You are viewing a plain text version of this content. The canonical link for it is here.

Posted to dev@spamassassin.apache.org by Karsten Bräckelmann <gu...@rudersport.de> on 2011/02/04 04:15:44 UTC

Re: svn commit: r1067022 - /spamassassin/trunk/rulesrc/sandbox/smf/20_smf.cf

On Thu, 2011-02-03 at 16:35 -1000, Warren Togami Jr. wrote:
> I am not sure who "smf" is, but are they aware that "test rules" without 
> "tflags nopublish" could possibly be auto-promoted with a score they 
> don't expect.  Scores in the sandbox below are ignored.  We don't want a 
> repeat of the FSL_RU_URL issue.

Getting *cough* late here, and I'm terribly tired...

Warren, IMHO, please feel free to add the tflags necessary. Yes, inside
someone else's sandbox. I guess the recent discussion about rules
possibly spreading unintended didn't reach everyone. Although it won't
right now, as we know -- but the corpora being under-limit is another
topic, unrelated to best practices. Adding tflags nopublish is not
intrusive anyway, and warranted in this case, I guess.

Definitely, good catch, Warren.

-- 
char *t="\10pse\0r\0dtu\0.@ghno\x4e\xc8\x79\xf4\xab\x51\x8a\x10\xf4\xf4\xc4";
main(){ char h,m=h=*t++,*x=t+2*h,c,i,l=*x,s=0; for (i=0;i<l;i++){ i%8? c<<=1:
(c=*++x); c&128 && (s+=h); if (!(h>>=1)||!t[s+h]){ putchar(t[s]);h=m;s=0; }}}

Re: svn commit: r1067022 - /spamassassin/trunk/rulesrc/sandbox/smf/20_smf.cf

Posted by "Warren Togami Jr." <wt...@gmail.com>.

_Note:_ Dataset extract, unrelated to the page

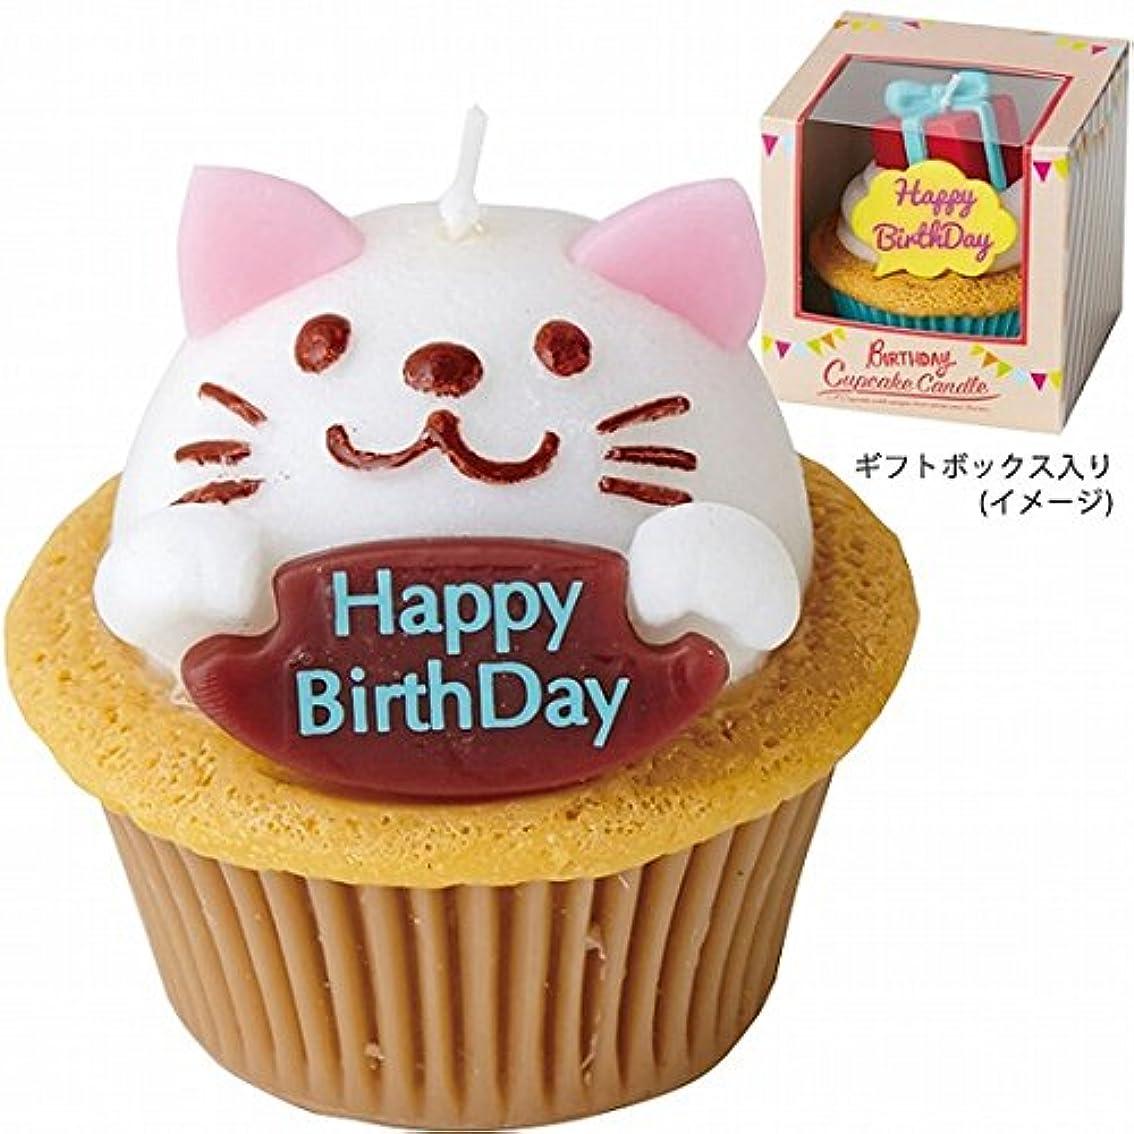 ドルしてはいけないカスケードカメヤマキャンドル( kameyama candle ) バースデーカップケーキキャンドル 「キャット」

On 2/9/2011 2:25 PM, Steve Freegard wrote:
>> What plugin do you have in mind? If it is your URI shortener plugin I
>> would have to strongly protest. Its current design is good in theory
>> but it will never survive in mass production. It has the capability of
>> making spamassassin far too slow while it is too easy to bypass.
>
> No - I wouldn't dream of putting the full short URI decoder into the
> mass-checks in it's current form; but I would put a version that simply
> reported when short URIs were detected (BTW - the rules that do this in
> your sandbox need to backslash escape the dots) as it's more efficient
> to do this in a plug-in with easily expandable list than with a URI rule
> and massive regexps IMO. We should have these sorts of 'instrumentation'
> rules in the corpus that tell us when a particular abuse vector is being
> more heavily exploited and allows them to be used in meta rules.
>
> Anyway - I was talking in more general terms; I have some ideas for a
> few other plugins.
>
> Regards,
> Steve.

Go ahead and delete my crappy huge shortener rule after you have 
something better to replace it.

http://svn.apache.org/repos/asf/spamassassin/trunk/rulesrc/sandbox/wtogami/README
Here is my open policy.  I invite other sandboxers to have their own.

Warren

Re: svn commit: r1067022 - /spamassassin/trunk/rulesrc/sandbox/smf/20_smf.cf

Posted by Henrik Krohns <he...@hege.li>.

On Thu, Feb 10, 2011 at 12:25:17AM +0000, Steve Freegard wrote:
> 
> as it's more efficient to do this in a plug-in with easily expandable list
> than with a URI rule and massive regexps IMO.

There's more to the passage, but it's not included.